There are other larger issues at hand that need to be covered

The embarrassment meted out to Indian sprinter Dutee Chand made headlines , and rightly so. By turning spotlight on the incident, the media did its bit to ensure that no athlete would in future go through the volume of humiliation Chand was subjected to.

As the Indian contingent prepares for the 2020 Tokyo Olympics, this is the right time for the media to delve deeper into the barriers faced by our stars in their quest to glory — lack of facilities and infrastructure among other things. Now is the time to reach out to the National Sports Federations and find out how they are preparing the athletes for their Tokyo sojourn.

Sure, body-shaming has been hitting a new low each day. But in a world saturated with hashtags, emoticons and mindless critics, the media and its readers have more important issues to concentrate on.


Social media reflects people’s thoughts and feelings, which often have no filter. The media should be that filter, or at least not strive not to amplify the unfiltered vitriol.


The cultured and enlightened society knows that women worldwide have broken their shackles. They are the ones who have reached the moon and stars, not the ones winning elections or the ones bringing laurels to the country in various other fields. They are no longer their breasts and bra-straps. The enlightened consumer of news doesn’t need empty-headed tweets reminding them of the same.

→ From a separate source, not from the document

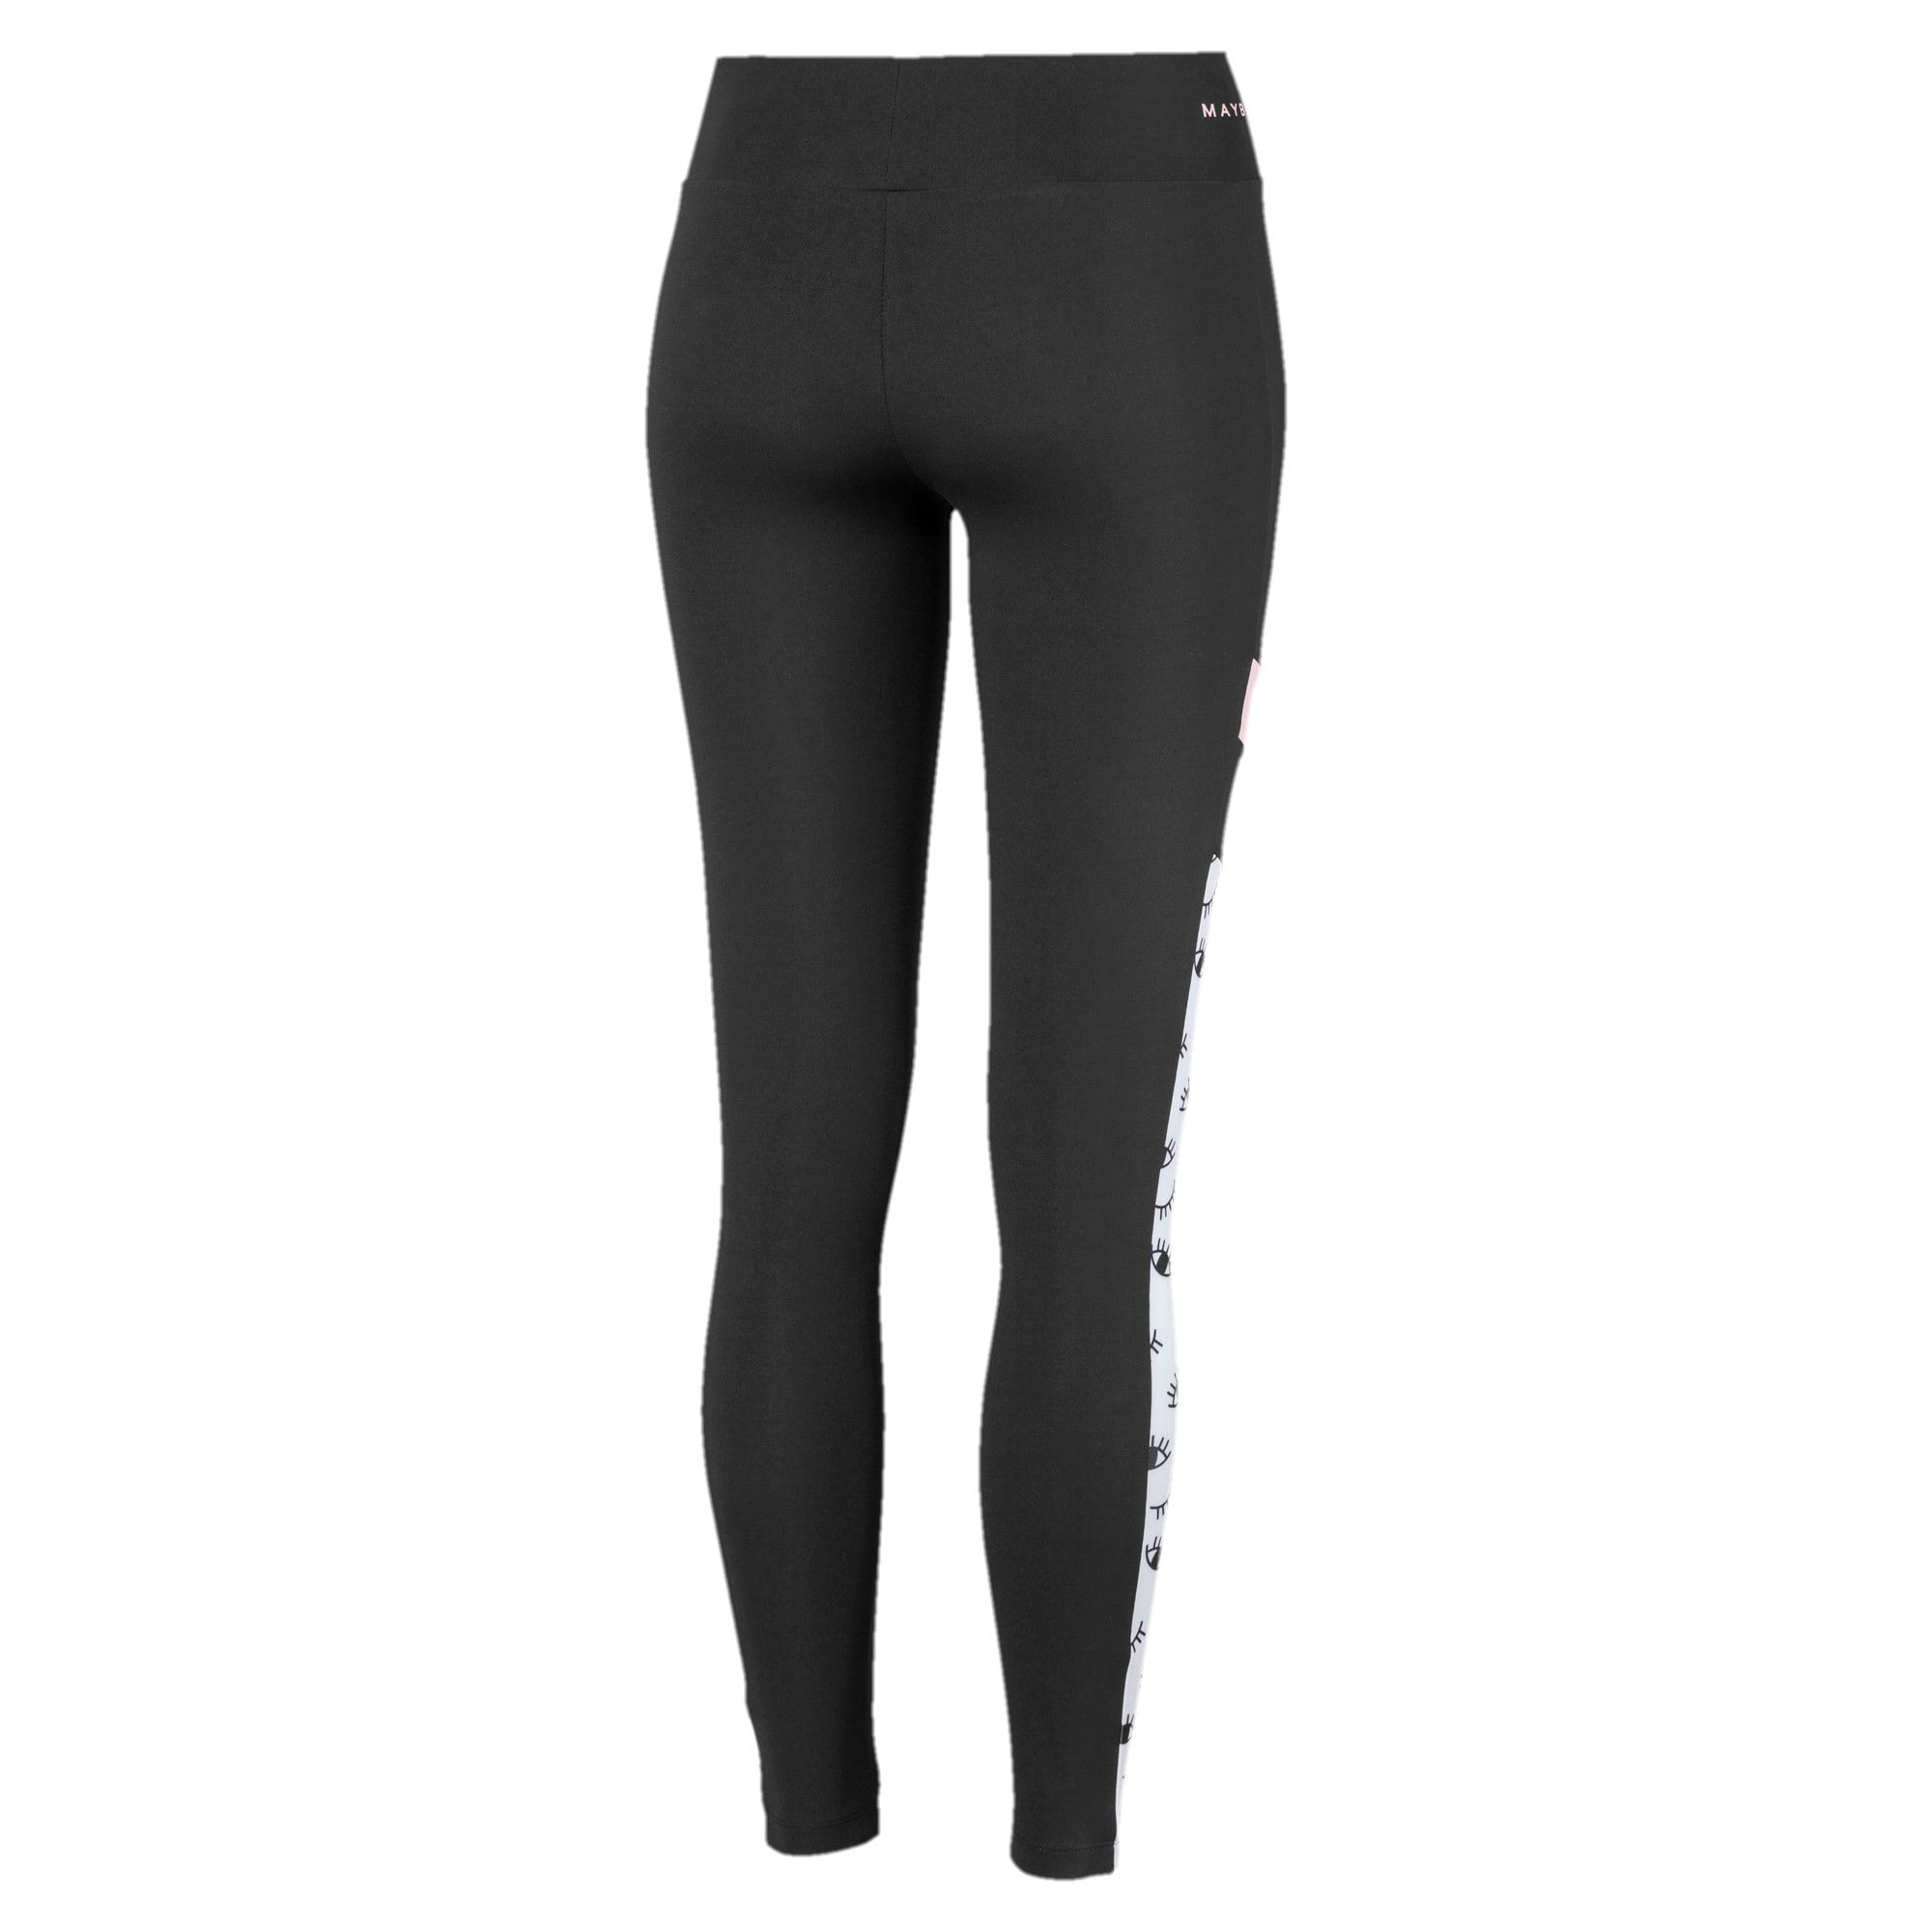 Thumbnail 2 van PUMA x MAYBELLINE legging voor vrouwen, Puma Black, medium

The suppression of sensationalism from the media, therefore, would be the first step to reduce instances of sexism.

The wider landscape behind the existence of trolls

Apart from the freedom they enjoy on the Internet, online trolls derive their raison d’etre from other psychological and social reasons — loneliness, depression, attention-starvation, narcissism among others.

Perhaps the troller is screaming out to be heard and to be noticed. Everyone seeks attention and to express their views to validate their existence. And for the lonely and socially recluse, the easiest way to express oneself is possibly via trolling. They yearn for social acceptance, which they get through generating online abuse. Trolling gives them something (that they perceive as constructive) to do. For the narcissist, one’s own opinion is paramount, which must be ventilated even at the cost of one’s reputation.

Human behaviour is fickle and never quite certain about the right way to approach any particular situation. Social media in many ways is an extrapolation of what transpires in society. It reflects people’s thoughts and feelings, which often have no filter.

The media should be that filter, or at least not strive not to amplify the unfiltered vitriol.